■ Task
Reproduce the entire listing exactly. Leave the pictures out.

======== Collected material ========

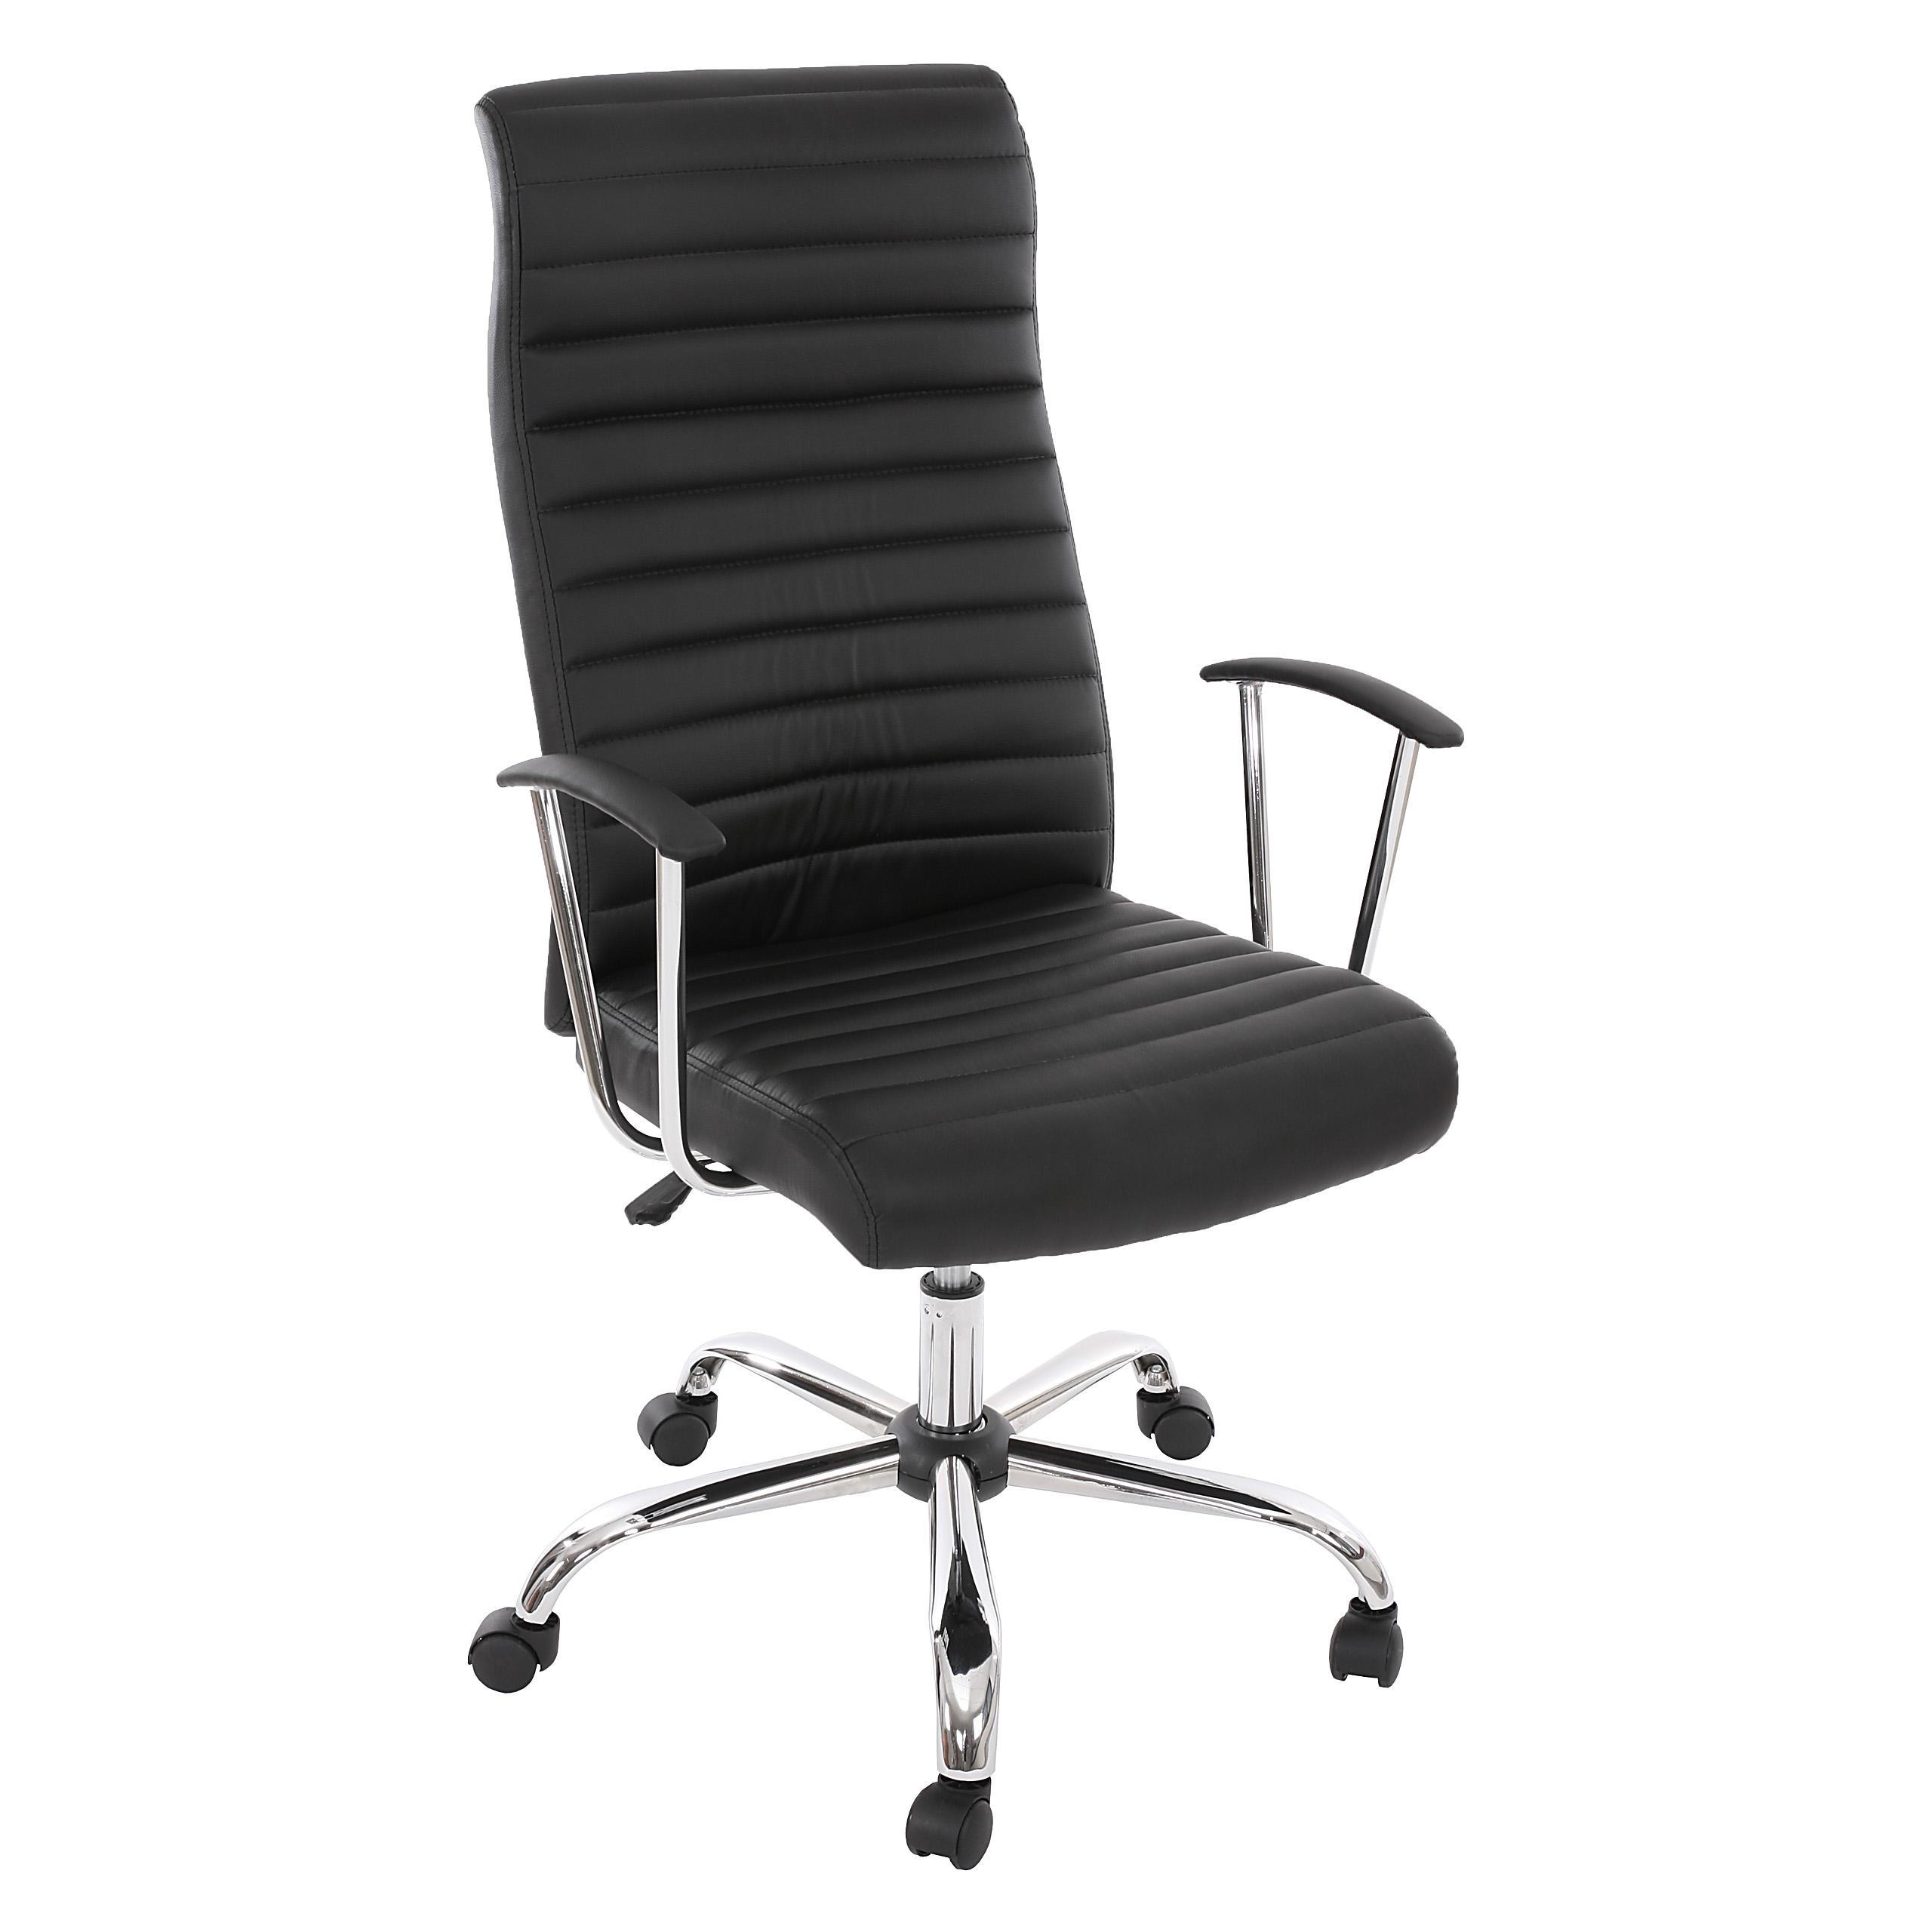 Bürostuhl ergonomisch  Drehstuhl Chefsessel Cagliari, ergonomische Form ~ schwarz
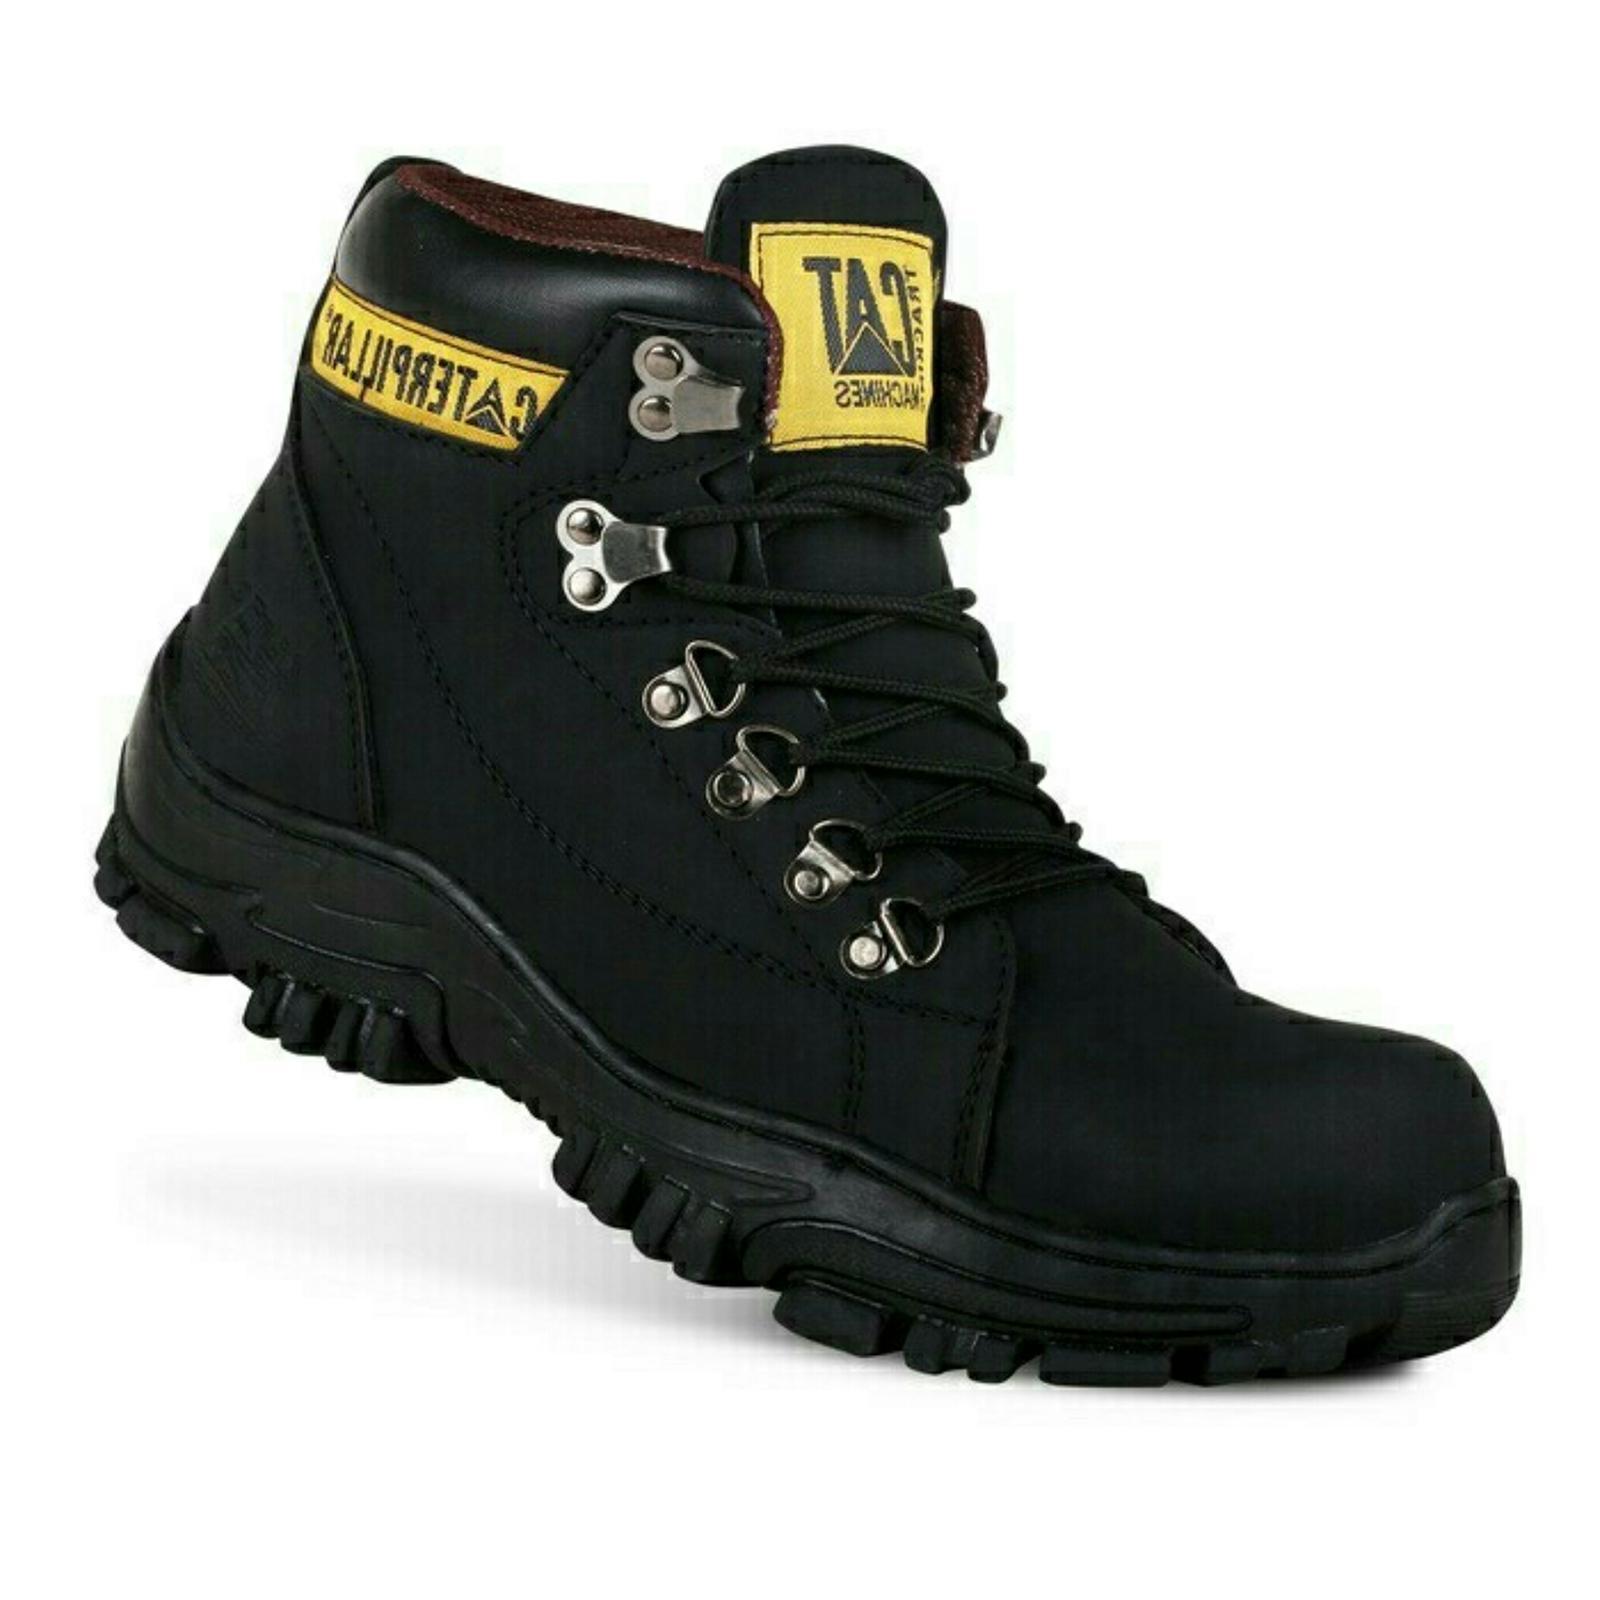 Sepatu Boots Pria Safety Caterpillar Hydraulic Ujung Besi Murah f2be7772c3
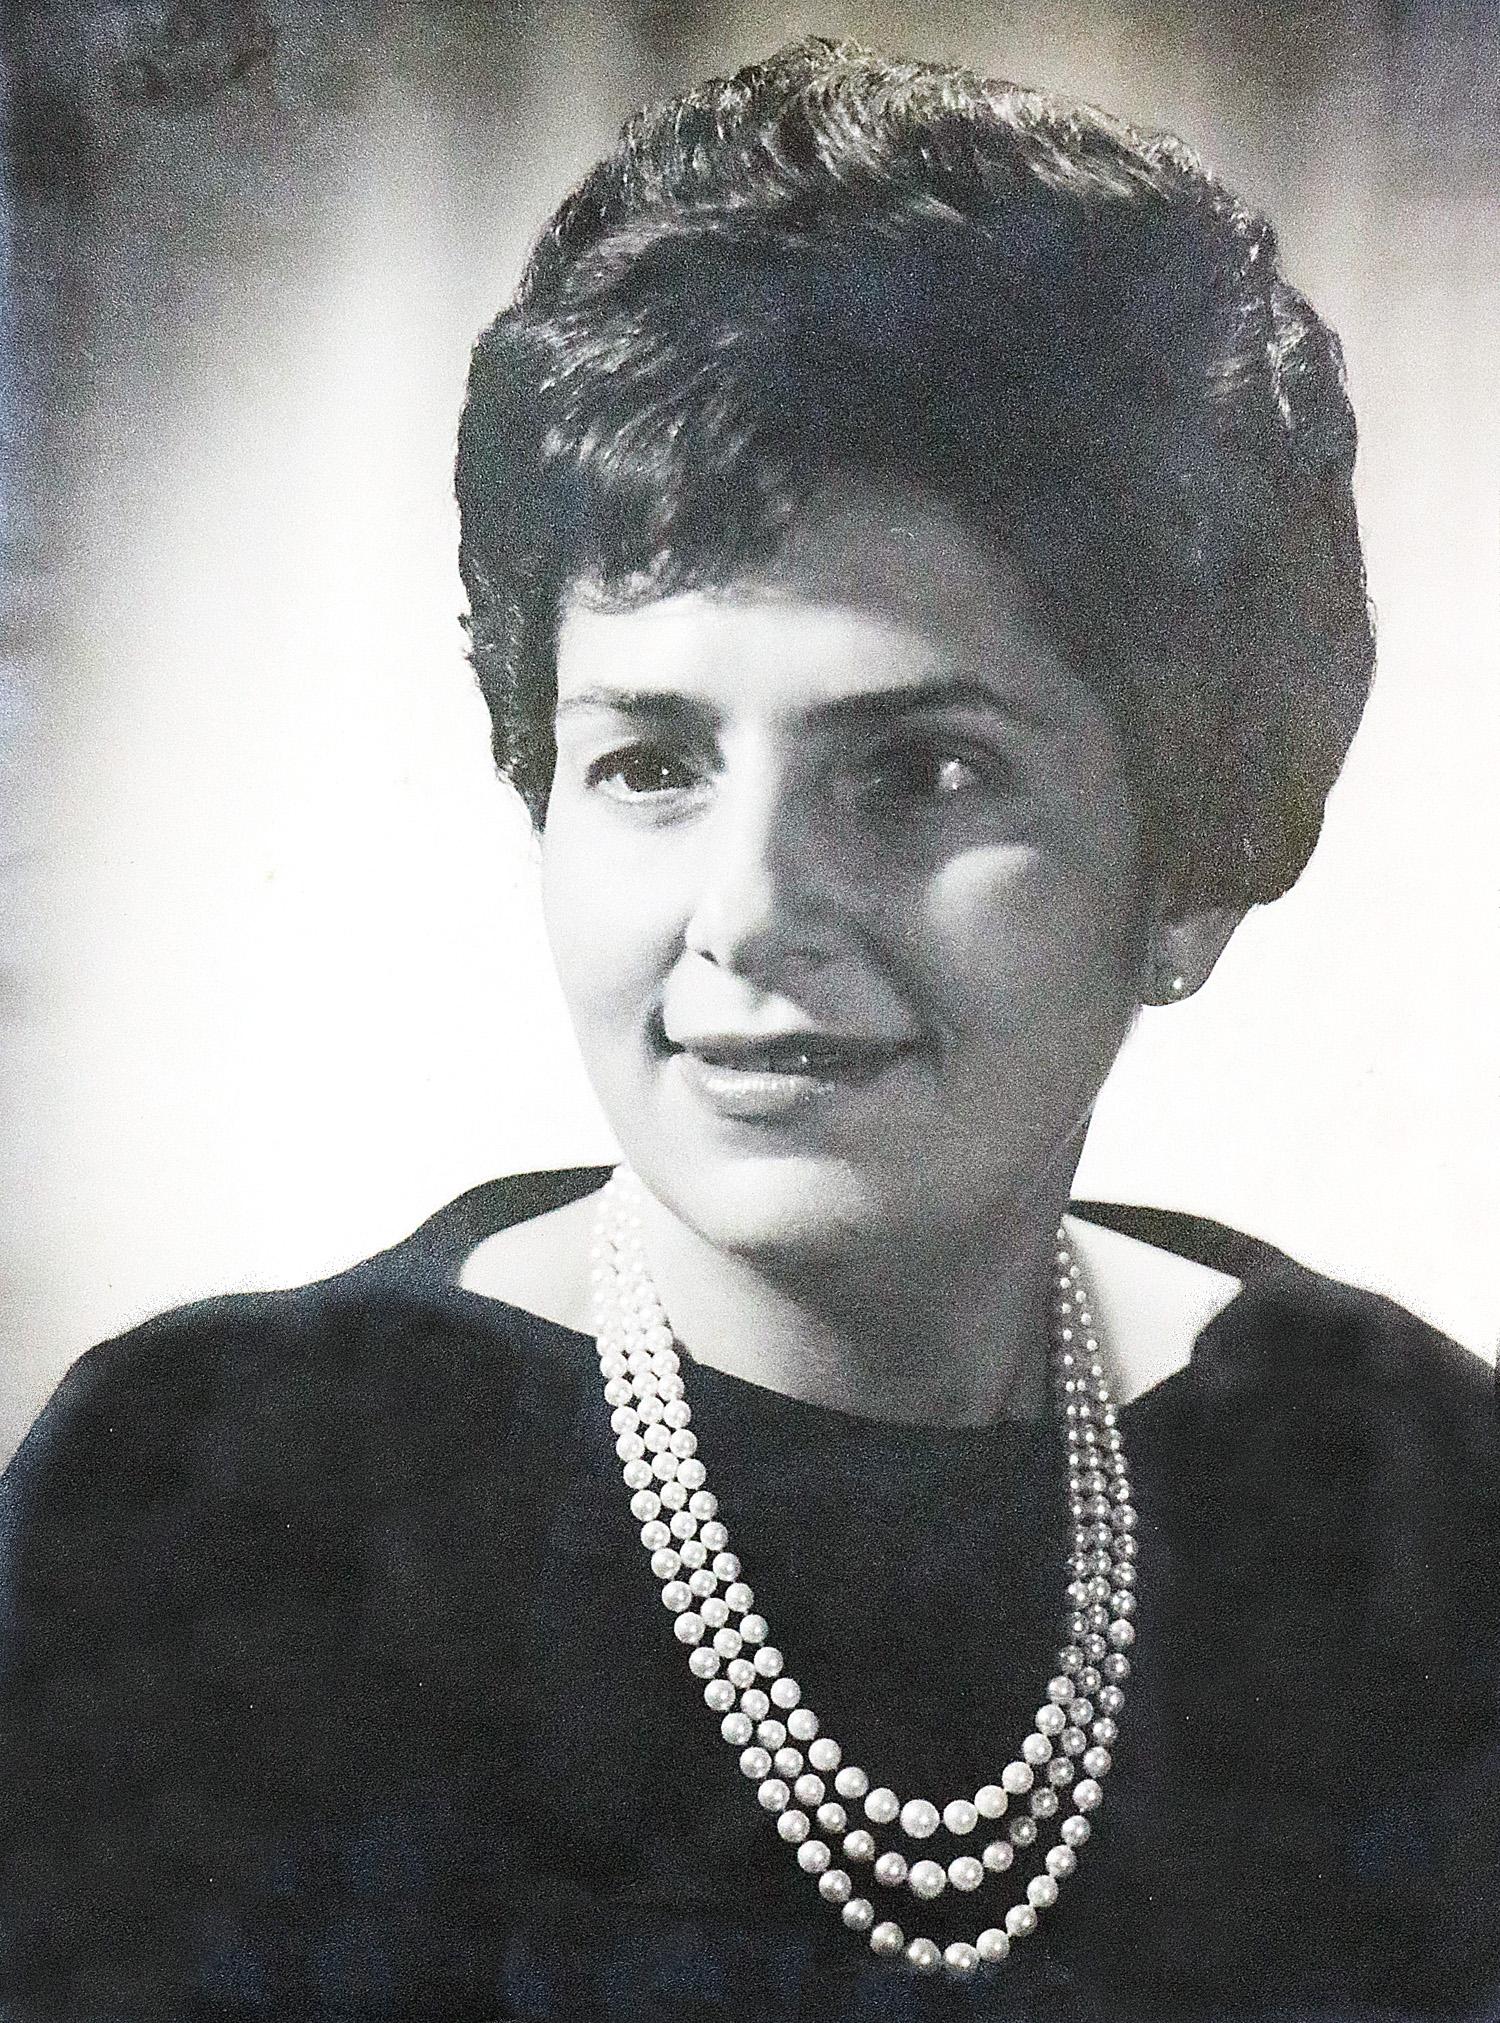 Foto em close em preto e branco de Dorina sorrindo, olhando para o lado. Ela usa roupa preta e colar de pérolas.

========

■ Task result
 Bürostuhl ergonomisch  Drehstuhl Chefsessel Cagliari, ergonomische Form ~ schwarz
 Sepatu Boots Pria Safety Caterpillar Hydraulic Ujung Besi Murah f2be7772c3
 Foto em close em preto e branco de Dorina sorrindo, olhando para o lado. Ela usa roupa preta e colar de pérolas.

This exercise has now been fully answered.